This looks very strange to me, as the Optimizer should know (in my opinion) that none of the histograms has the selected value. The estimated cardinality should be 0.

But was the Optimizer does, in this case, is the following calculation:

Number of Table Rows (65,057,255) / Number of Distinct Values (13) = 5,004,405 (The Number of table rows and distinct values you can see in above SHOW STATISTICS output).

The rule is: We have, on average, 5,004,405 rows per value. As I don’t have the WHERE condition value = ‘ZZZ’ in my histograms, I will use the average value for my estimations. In my example, this leads to an entirely wrong estimate, even with “high confidence”.

But what worries me even more, is that the estimation error is growing together with the table size!

Anyway, there is a good message: If you select a column value that is available and a value from the same column that does not exist, the total estimated cardinality is limited to the number of table rows.

At the beginning of this article, I hope this is a bug.
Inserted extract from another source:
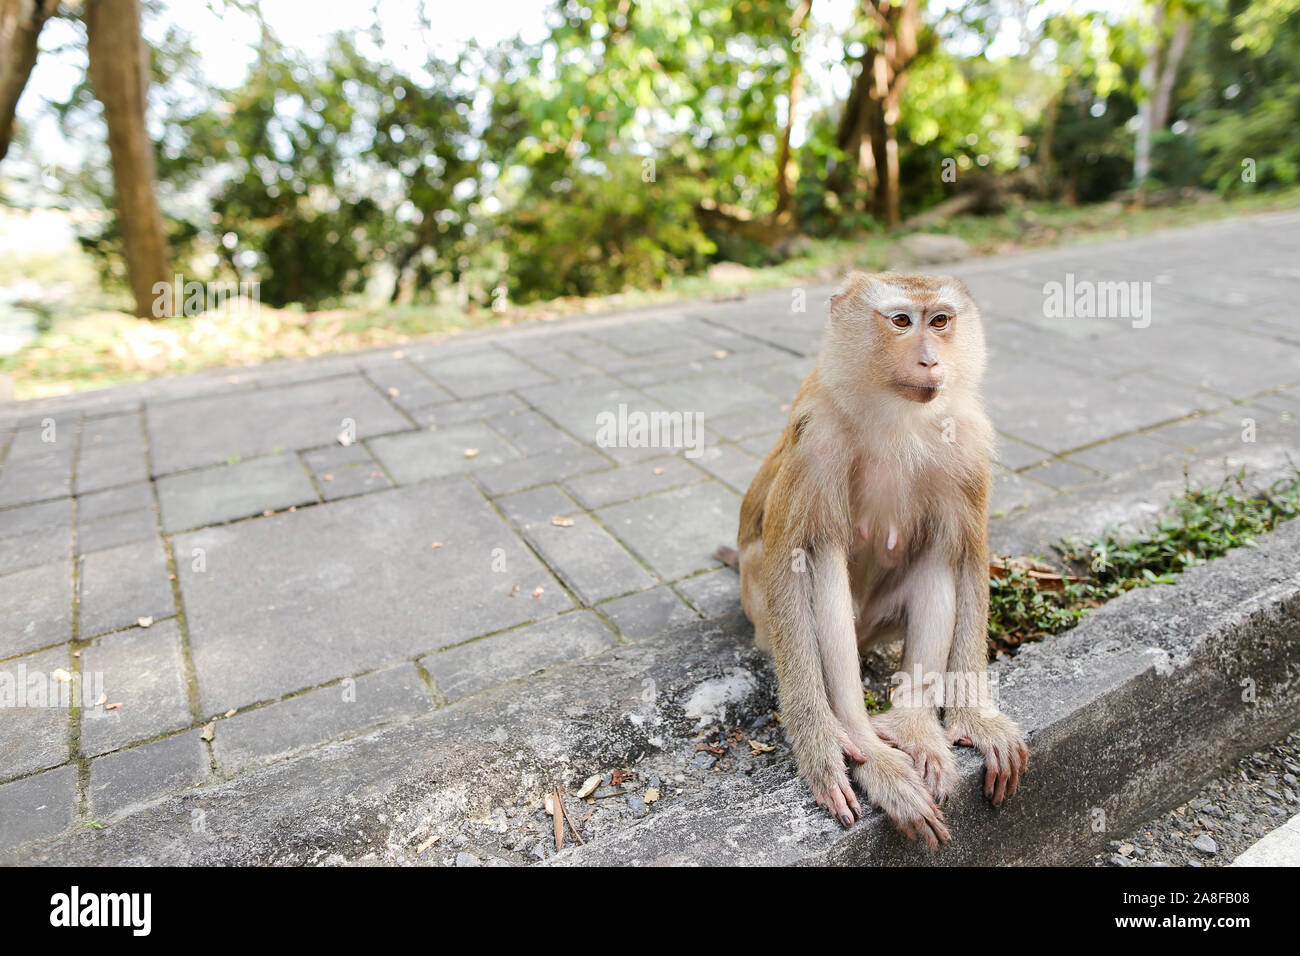 Peu cute macaco assis sur route en Thaïlande. Banque D'Images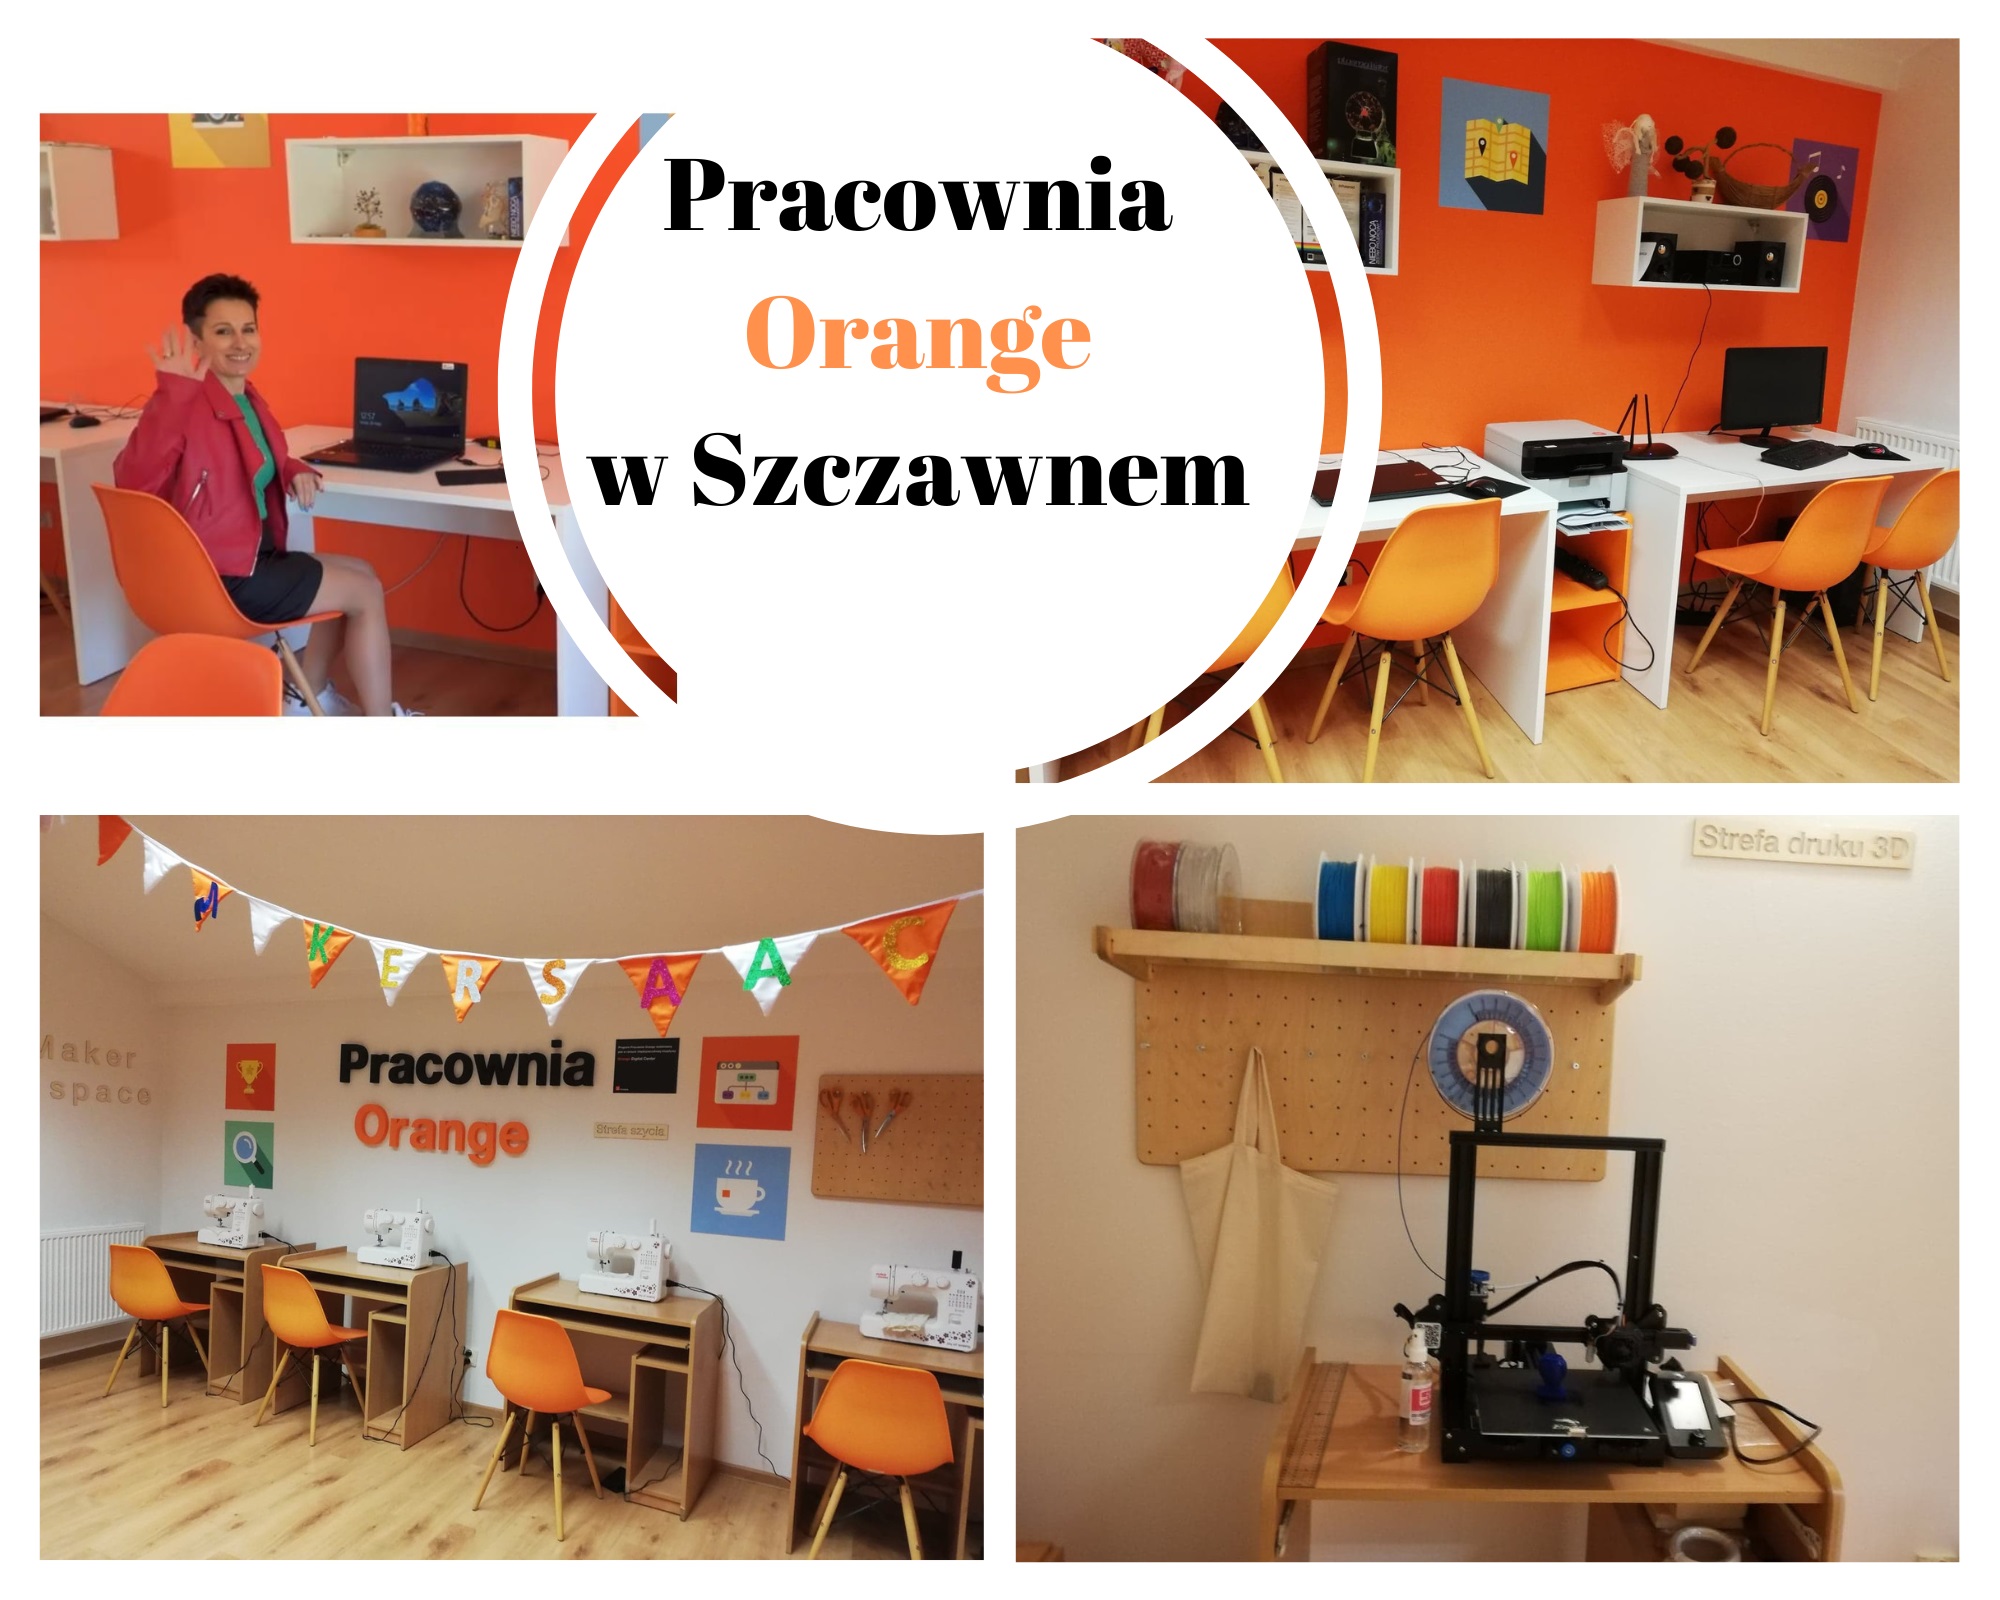 Zdjęcia przedstawiające wnętrze Pracowni Orange w Szczawnem oraz liderkę Pracowni.

If anyone has more detailed insight, please let us know by commenting. Thanks!

While, at first sight, I’d agree with you that this is some kind of a bug, dnoeth interpretation makes sense.

Consider it this way: in an application, you can use an “in memory” cache to return data on some key. What if the user asks for a key that is not present in the cache? A common solution is to go back to the real (slow) data and check, because we’d rather take the (hopefully rare) hit, rather than not return existing data to the user.

In this scenario, statistics could be considered as some sort of “cache”. When the system receives a value in input that is not in the cache, this makes the system doubt the freshness of the data, and go back to heuristics.